« Sommes une jeunesse, Messieurs ! Sommes la jeunesse de Dieu. La jeunesse de la fidélité ! Et cette jeunesse veut préserver pour elle et pour ses fils, la créance humaine, la liberté de l'homme intérieur... » (Charette)
Dans une totale indifférence des fidèles, nos évêques ont permis que disparaisse de la liturgie ce que le Concile entendait conserver : la célébration « versus orientem », le latin et le chant grégorien, l’agenouillement aux moments importants de la messe, la noblesse des autels, la tenue et la dignité des ministres de l’autel... etc. Ces disparitions, anodines en apparence, ne se sont pas faites d’un coup mais par petites touches successives : un dimanche on oublie cela, le dimanche suivant on omet ceci, et puis on remplace tel rite, tel chant par autre chose. Sans qu’on y prête attention, en s’appuyant sur une catéchèse elle-même défaillante, ces petites touches successives auront pourtant marqué la poursuite de l’affaiblissement constant du sens de la liturgie chez les catholiques de France.
Cette évolution est le fruit de la volonté opiniâtre de certains pasteurs insensibles au délitement progressif de la pratique dominicale, et qui mettent tout en œuvre pour détruire les résistances. Celles-ci sont, en effet, un obstacle à leur pastorale du « tout se vaut du moment que ça plaît » peuplée d’individus amnésiques, et qu’il faut mettre partout en œuvre. Jusque dans la plus petite des chapelles. Rien de tel alors, pour favoriser cette pastorale, que la disparition de la liturgie de l’Eglise et son remplacement par des célébrations aléatoires et souvent bêtifiantes. En effet, des fidèles oublieux de leur liturgie consentent d’autant mieux à se détourner de leurs racines spirituelles pour se contenter d’un simple verni de spiritualité, d’une foi édulcorée en un « Dieu qui chante et fait danser la vie ». Souvent ignorée, donc, la liturgie de l’Eglise subit également de virulentes attaques. Il faut désormais présenter des excuses si l’on veut participer à une messe célébrée selon le missel romain actuel. Récemment, un évêque conseillait même à un fidèle qui souhaitait la liturgie de l’Eglise dans sa paroisse d’aller discuter avec son curé.
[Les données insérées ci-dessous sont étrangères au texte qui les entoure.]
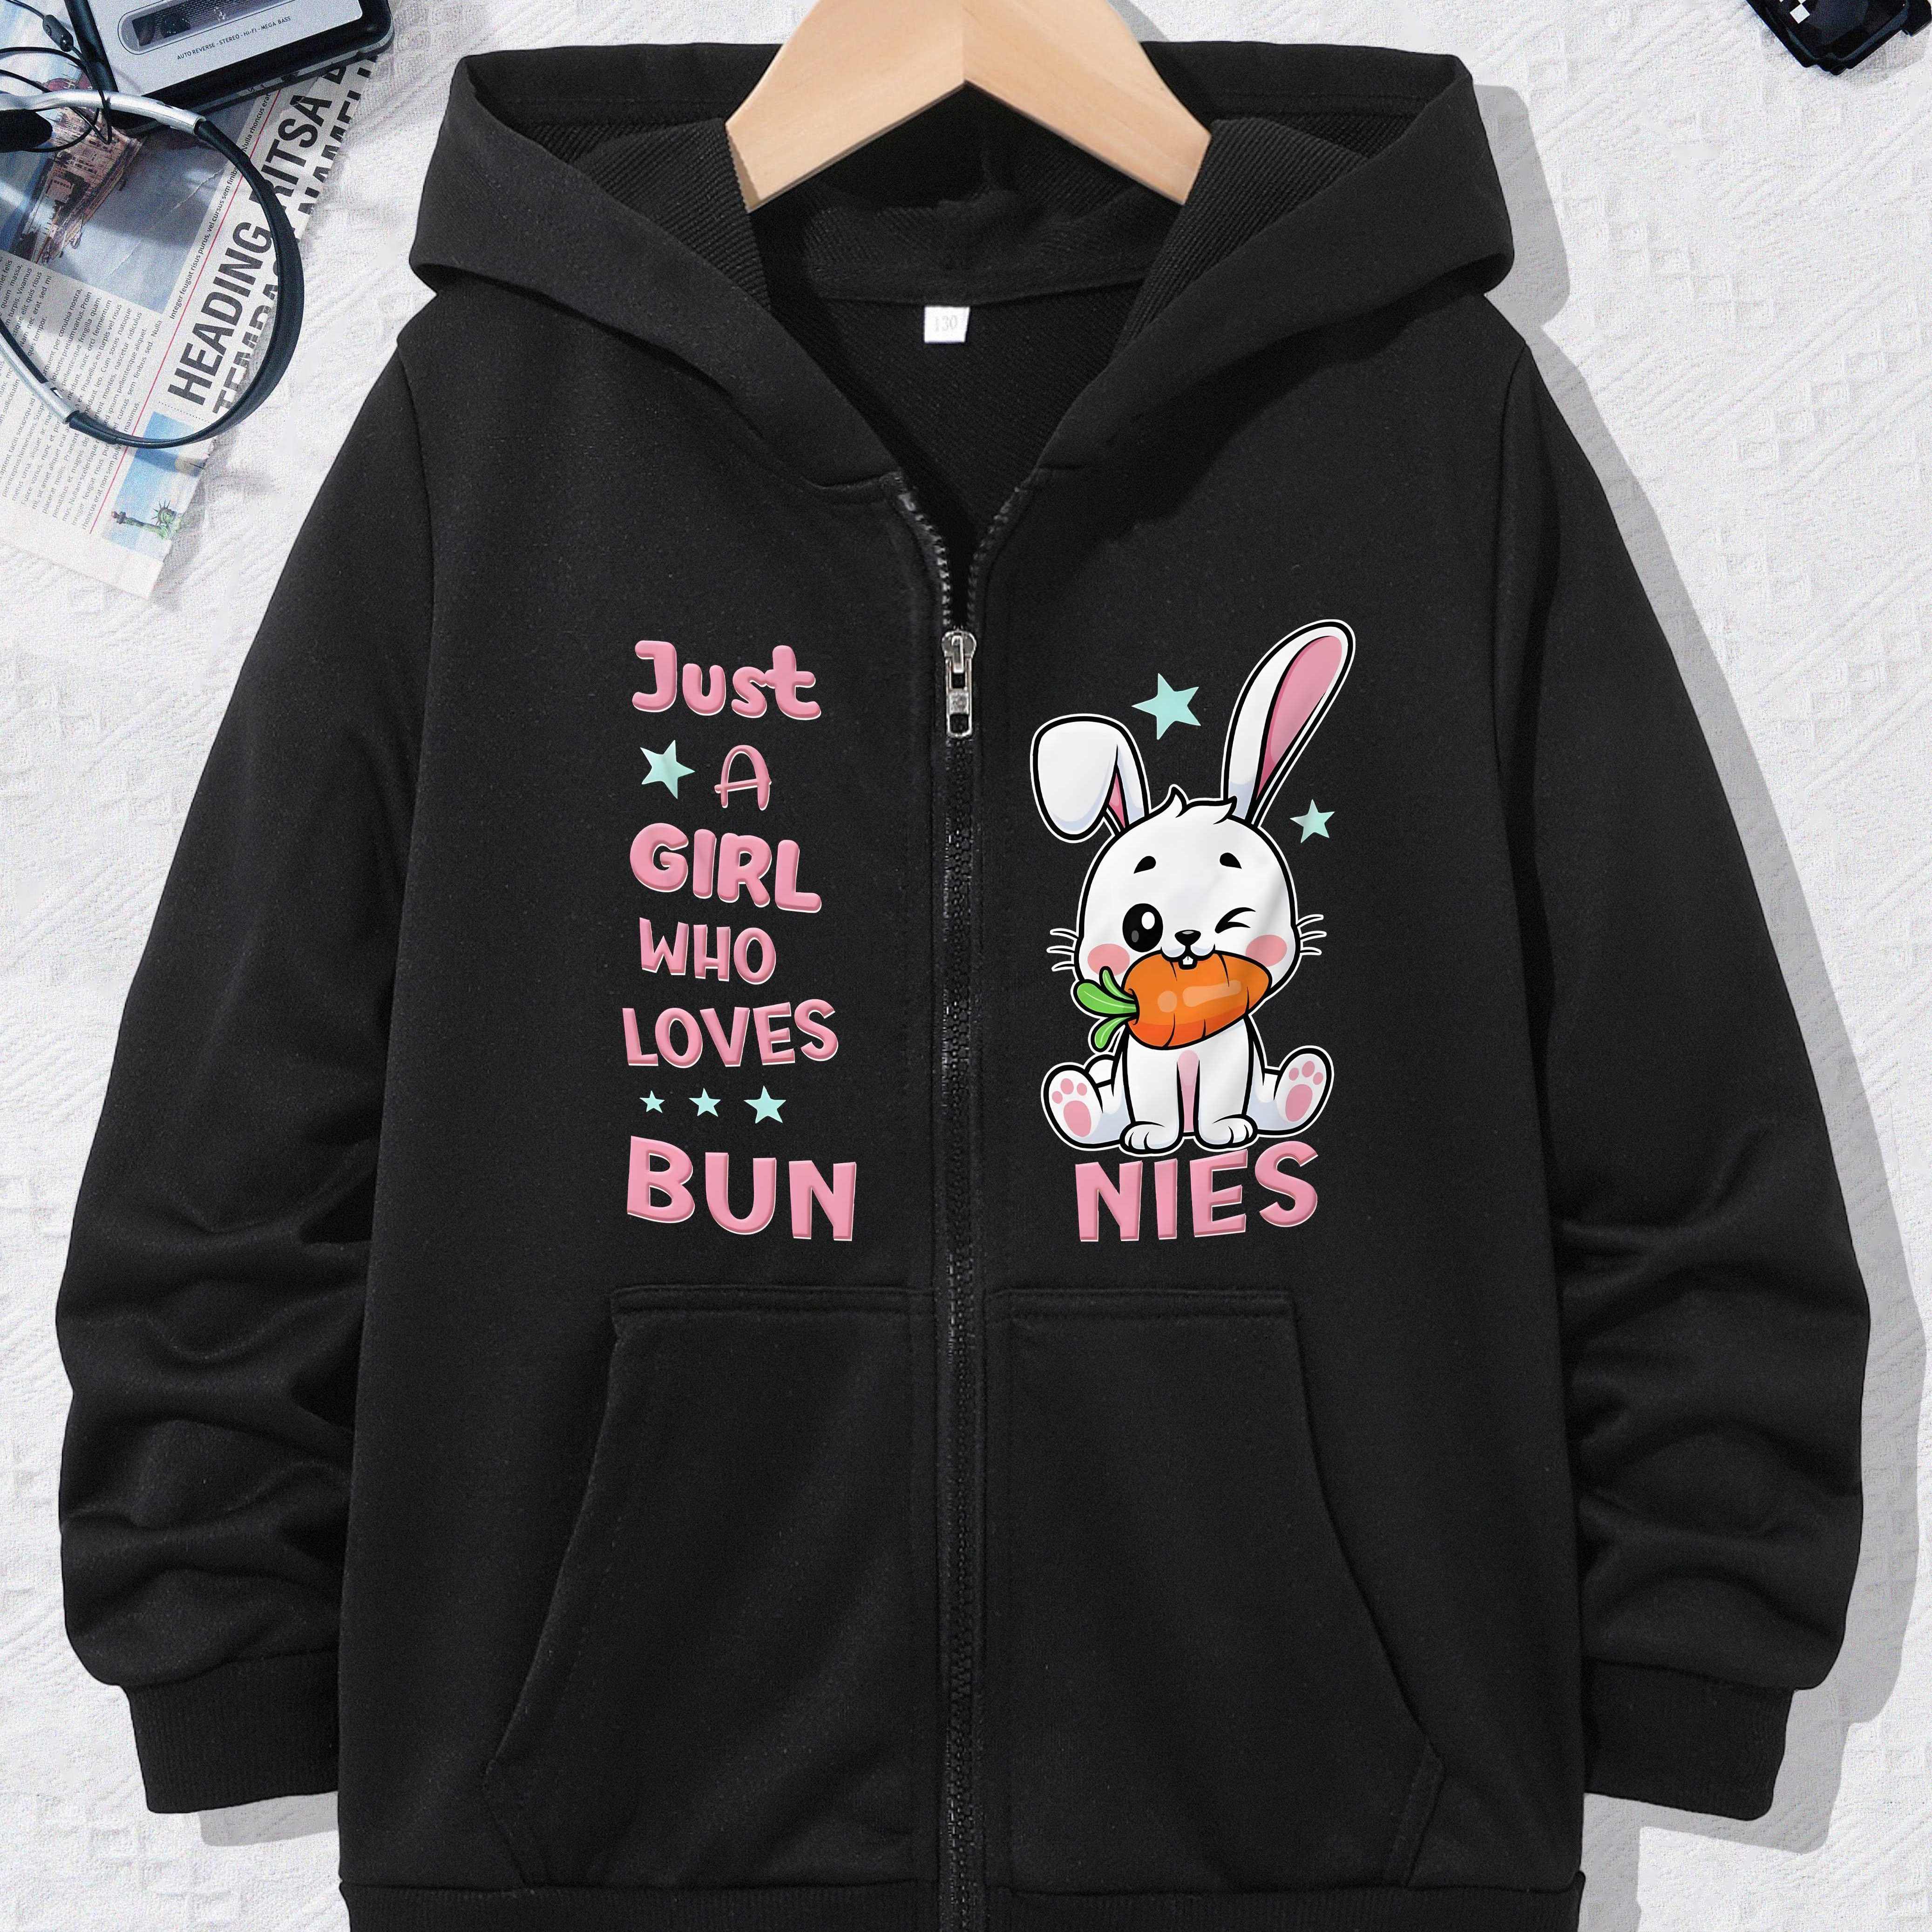 

Just A Girl Who Loves Buns And Cartoon Bunny Graphic Print, Girls' Casual Zip Up Hoodie, Long Sleeve Jacket Sweatshirt With Pockets For Fall And Winter

Discuter pour demander à un prêtre de bien vouloir faire ce qu’il doit faire ! Ne marche-t-on pas cul par-dessus tête ? Surtout quand on sait qu’il n’est nul besoin de discuter avec ce curé pour lui demander de célébrer n’importe comment : il le fait si spontanément ! Mal comprise par un clergé mal formé qui a su s’appuyer sur des « équipes » où sont engagés des fidèles ignorants, la liturgie est partout maltraitée. Autrefois objet de fierté pour tout catholique, elle est devenue objet de culpabilité pour qui l’aime et souhaite qu’elle soit respectée. Nos Pères dans la foi, dont le concours au cours des siècles avait permis d’édifier une liturgie qui soit la juste expression de ce que croit l’Eglise du Christ : il est de notre responsabilité de faire vivre ; à défaut, celle-ci pourrait bien disparaître définitivement, comme le craignait le Cardinal Ratzinger. Pour ce faire, il est essentiel que la transmission de la liturgie, dont la mise en œuvre fidèle est le socle, éclaire avec précision la construction de notre appartenance à l’Eglise pour que tous les fidèles puissent conserver l’envie de la célébrer ensemble.
Les spiritualités nouvelles qui ont fleuri un peu partout ces dernières années, sont à la recherche de signes identitaires spécifiques. Afin d’être en mesure de défendre leurs valeurs liturgiques, les fidèles catholiques devraient s’inspirer d’une telle quête : nous devrions absolument nous réapproprier notre liturgie et renouer avec un authentique « sensus Ecclesiae ». Il faudrait pour cela que dans la nature du fidèle catholique puisse se deviner un amour de la liturgie forçant l’admiration et le respect de tous. Cela ne pourra s’obtenir que si, en premier lieu, les ministres de l’autel acceptent à nouveau de célébrer les Mystères en s’inscrivant dans ce que Benoit XVI appelait une « herméneutique de continuité » qui conduit à ne rien rejeter de notre héritage liturgique reçu de l’Eglise.